窗外的天色才微微發亮,屋內暖和的溫度讓不緣的靈魂企圖再度陷入沉眠。
“阿——緣!”鈴見不緣隻是勉強抬了抬眼皮,旋即又要墜迴夢鄉,頓時鼓起臉頰,湊到他耳邊提高了音量
“鈴.....天纔剛亮啊.....”不緣勉強從被窩裡探出半個腦袋,聲音黏糊糊的,帶著濃重的睡意,望向窗外的眼神寫滿了不情願。
昨天與張顏幾人溝通任務細節直至深夜,睡眠嚴重不足,此刻連睜開眼都彷彿要用儘全身力氣。
“今天是陰天,已經不早了!”鈴說著,伸手毫不猶豫地掀開了被子。
冷空氣瞬間席捲全身,讓不緣一個激靈。更巧的是,此刻空洞內的化身似乎也正經曆某種不適,兩邊的寒意彷彿產生了共鳴。
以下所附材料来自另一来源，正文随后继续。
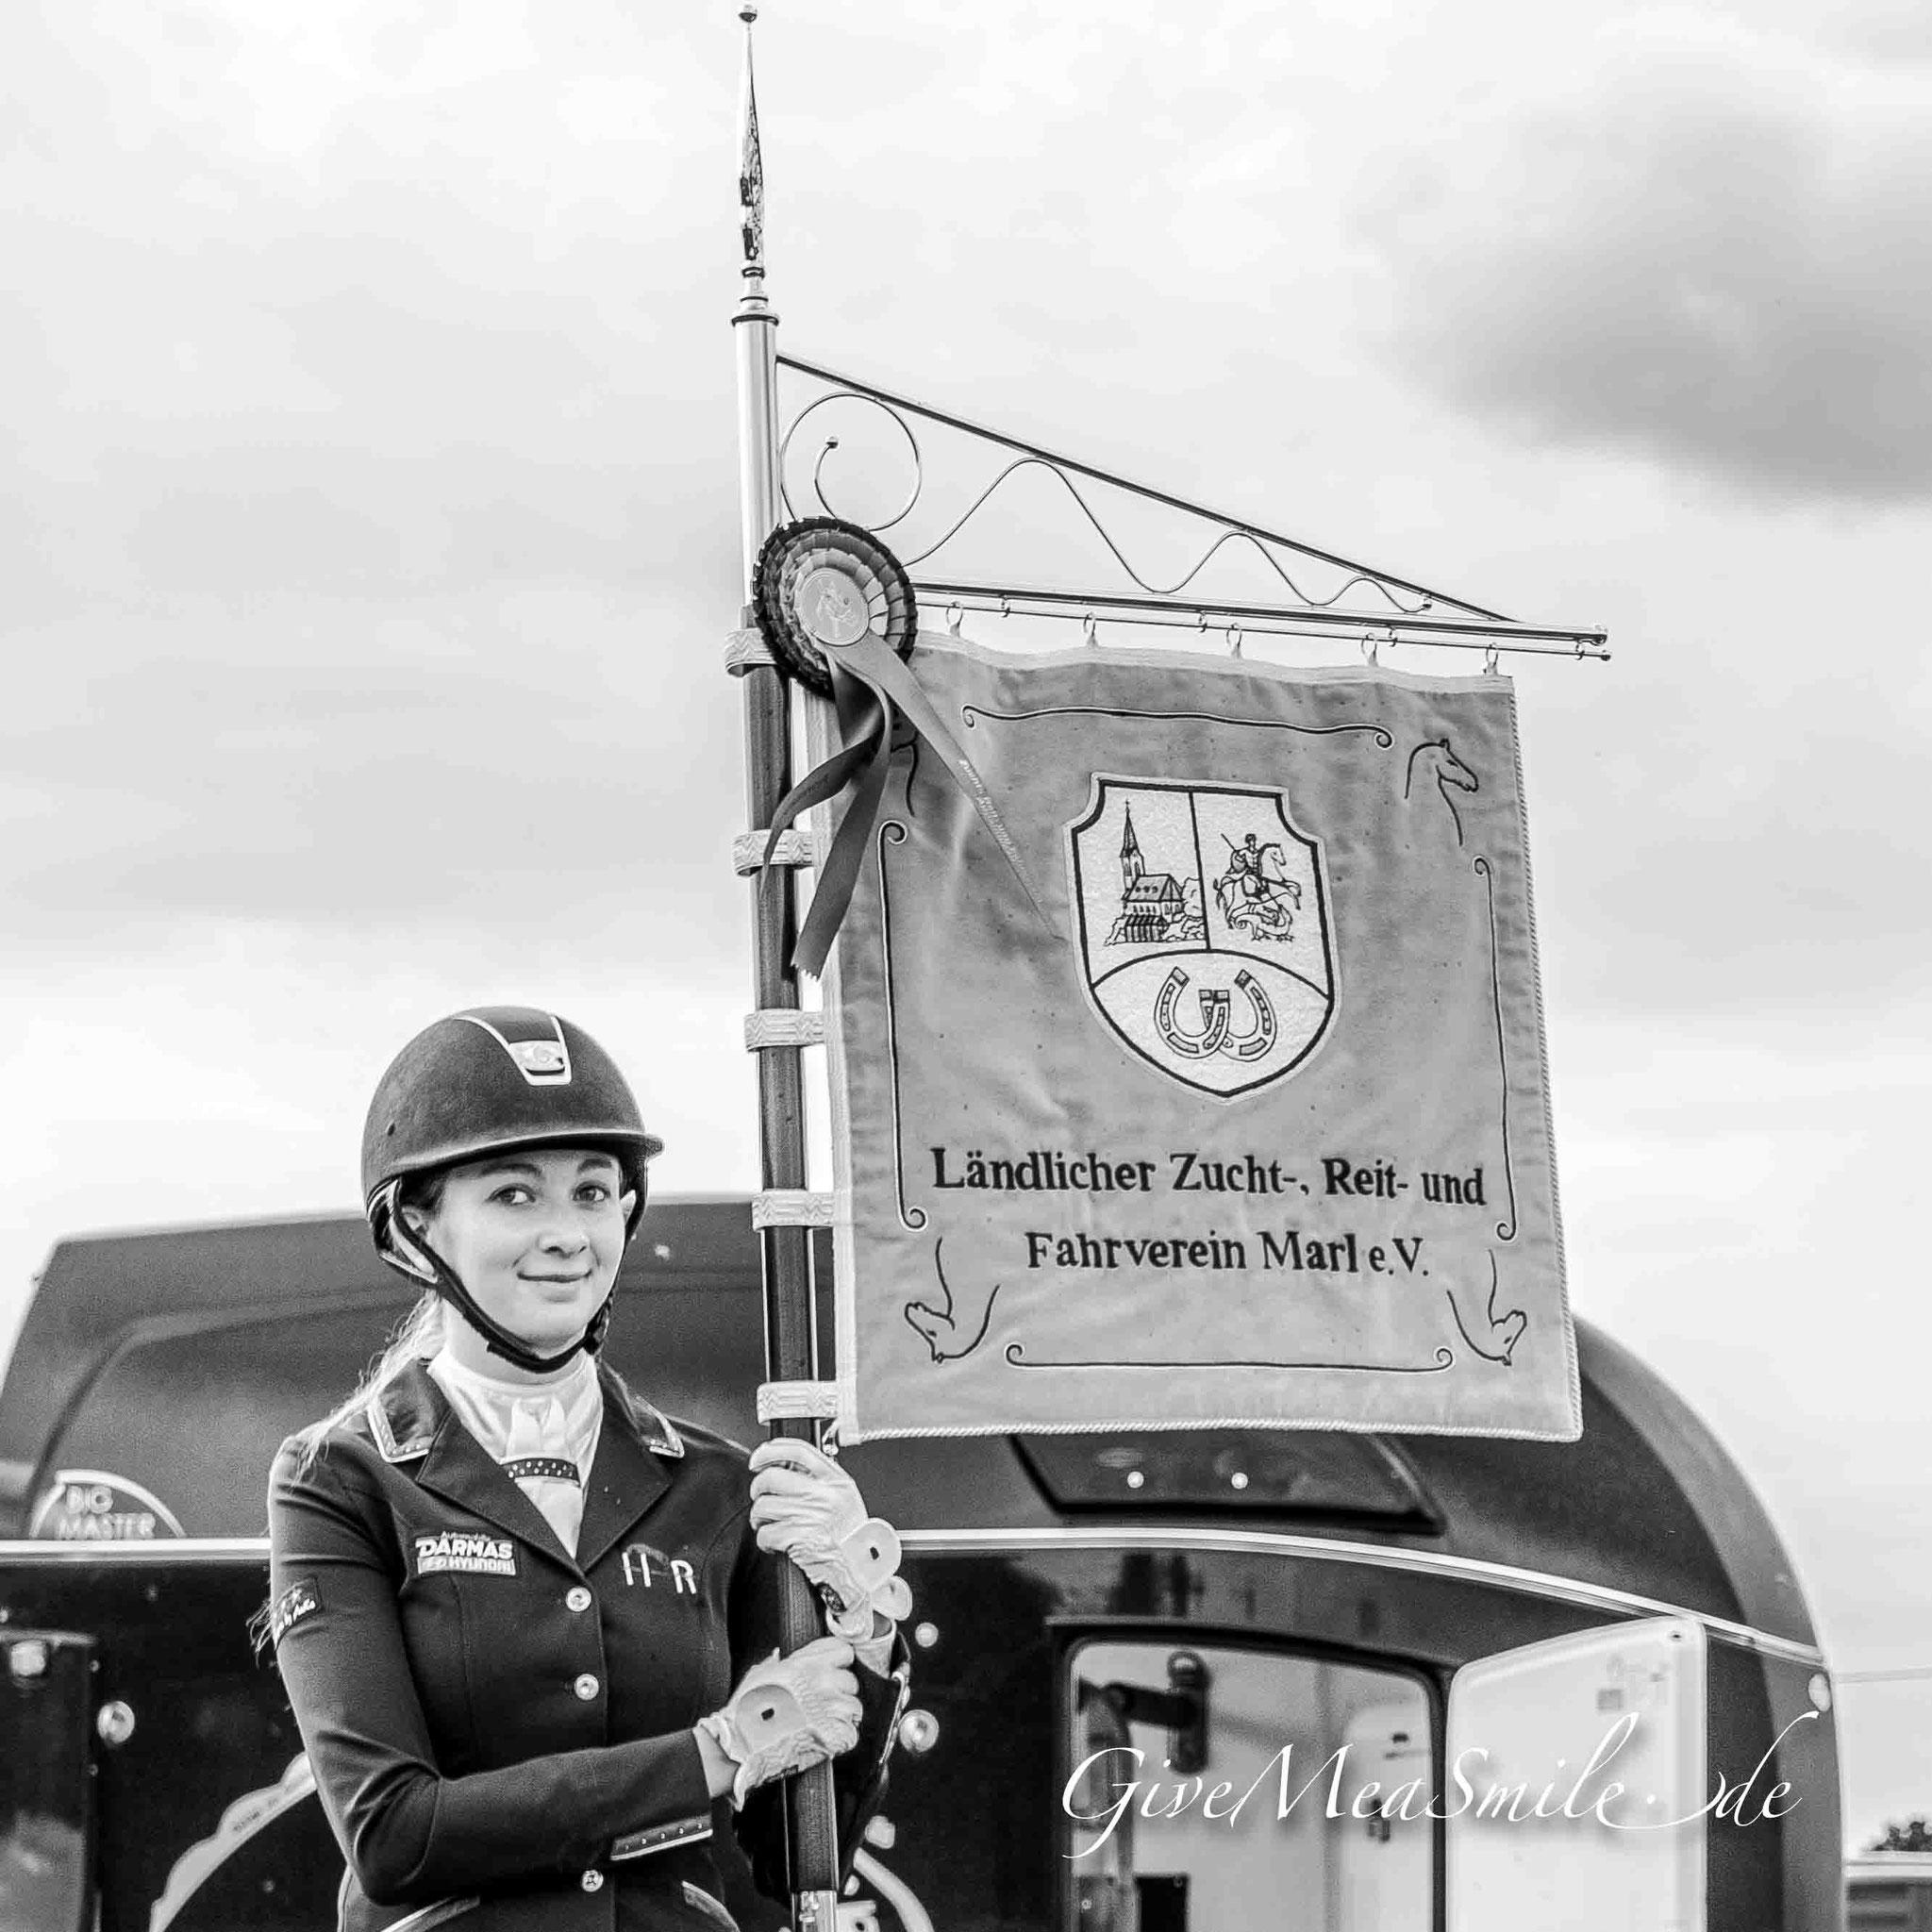 Jagdfotos vom Team @Givemeasmile.de auf der Fotojagd, Peter Jäger   #hofthier #givemeasmilede #beaglemeutemünsterland #foxhounds #beagles #jagdreiten #schleppjagd
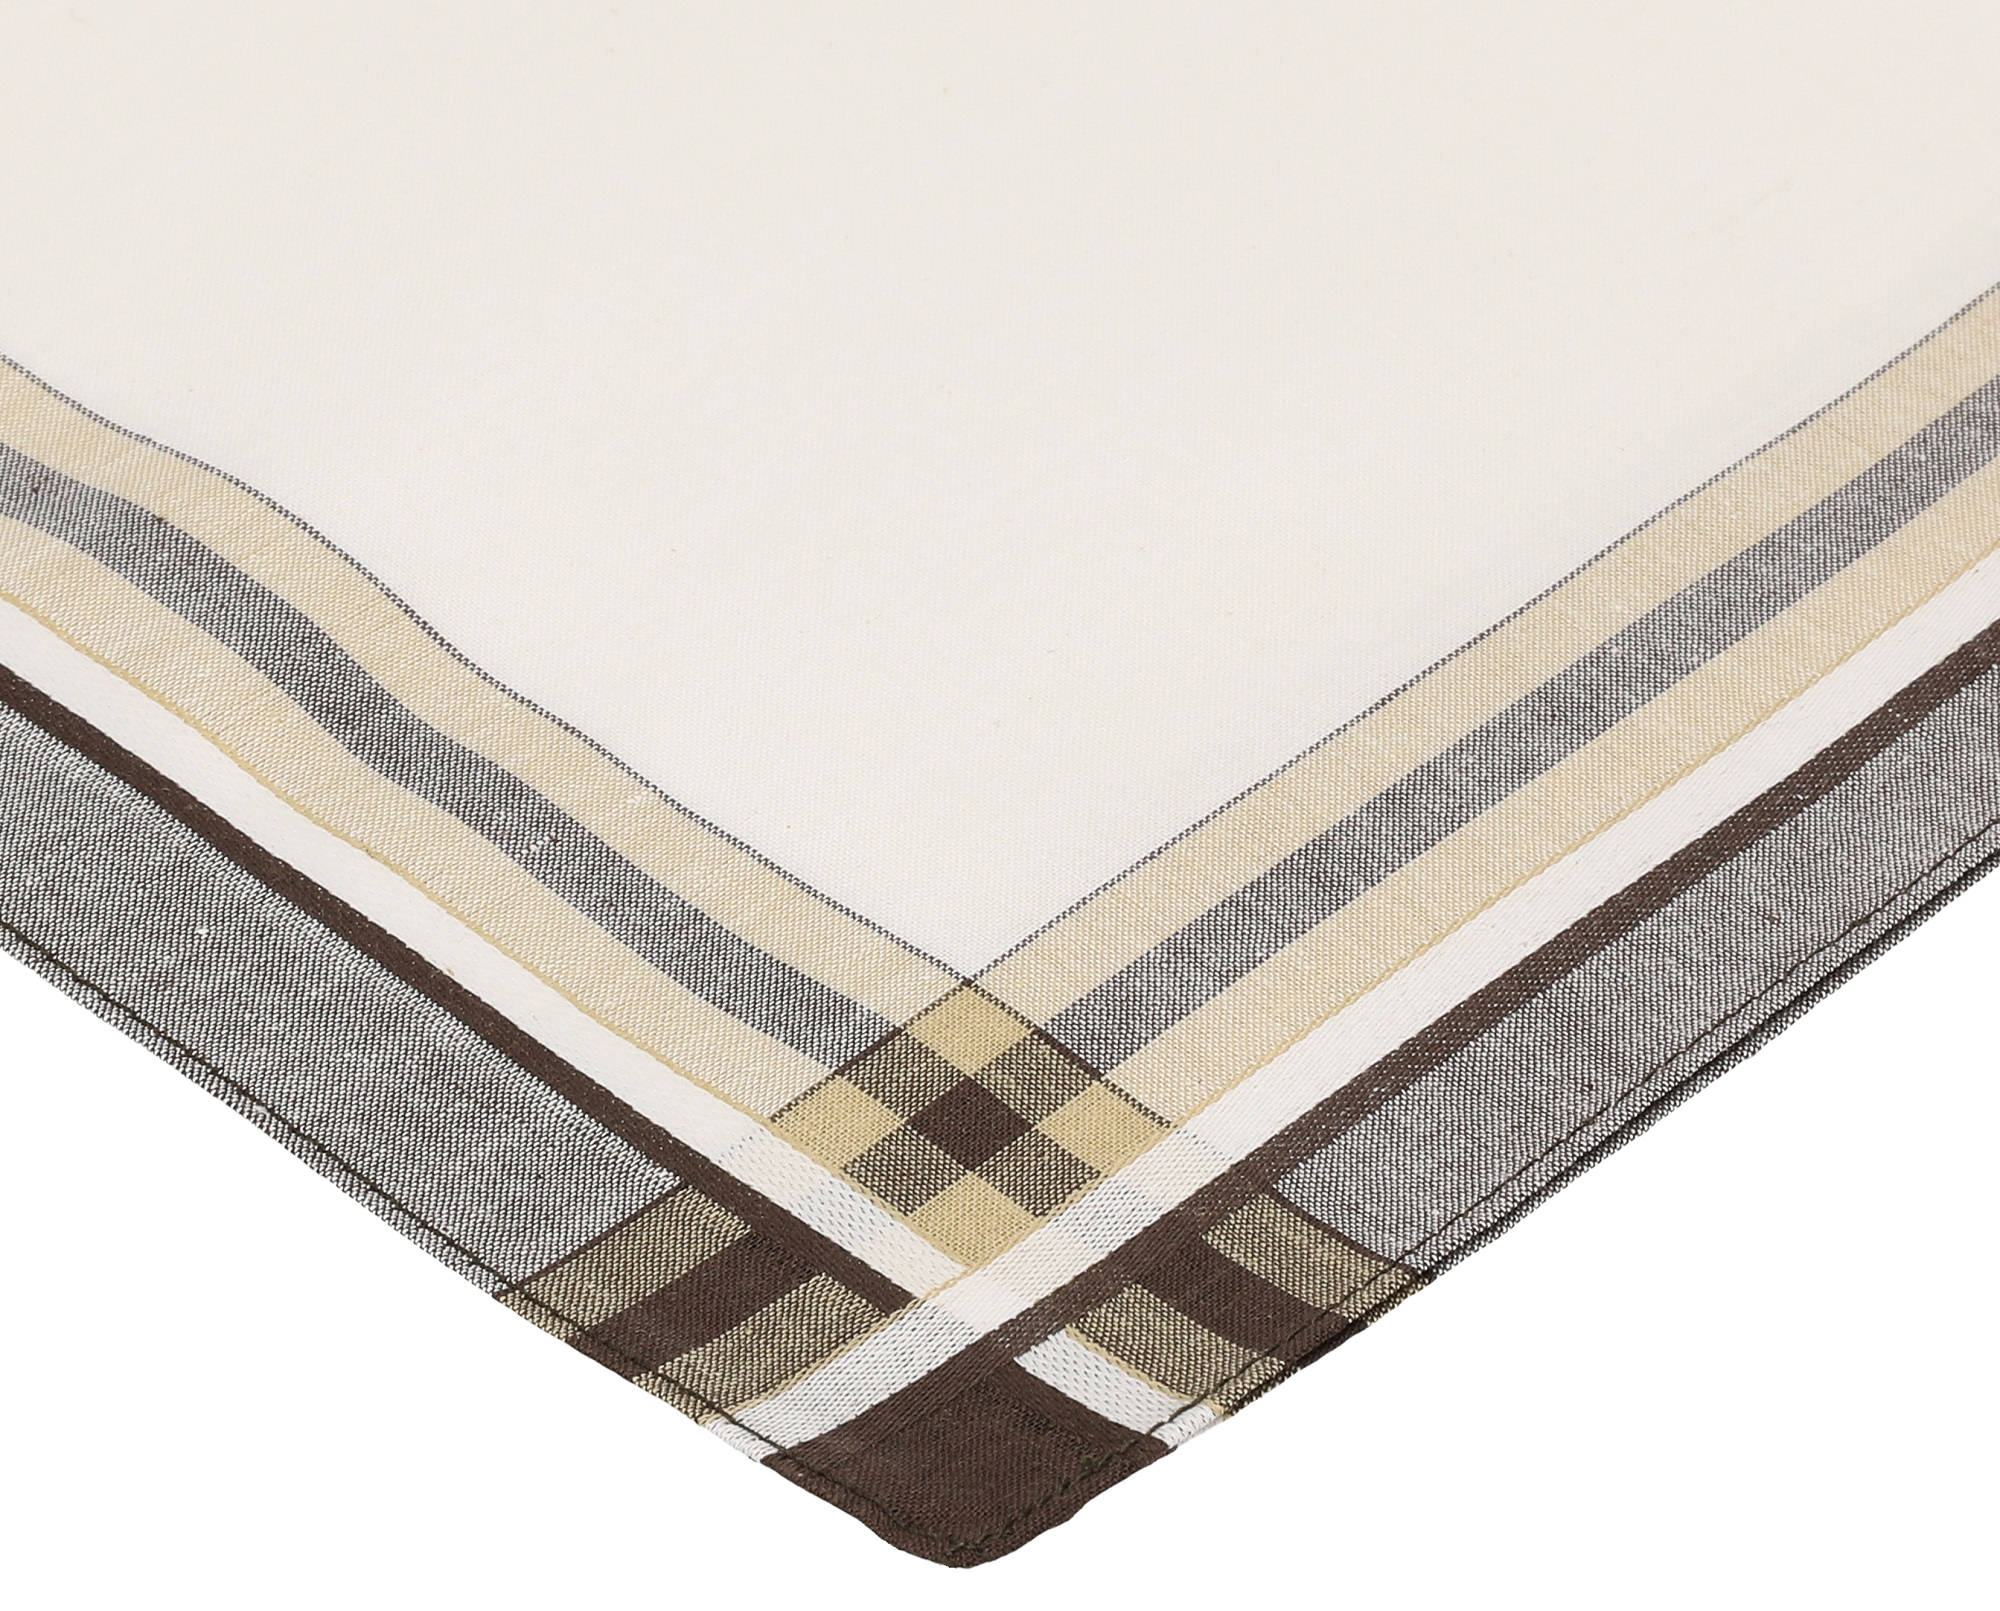 BETZ Juego de pa/ñuelos LEO 5 de tejido para caballeros 100/% algod/ón 40x40 cm dise/ño 1

“嘶——”不緣在被子被掀開的刹那,變回了雪白的狐狸形態,團成一個毛茸茸的圓球,試圖保留最後一點溫暖。“行吧行吧。空洞那邊我先處理一下。”
見眼前的狐狸突然冇了動靜,鈴無奈地歎了口氣,伸手將他提溜起來,抱在懷裡。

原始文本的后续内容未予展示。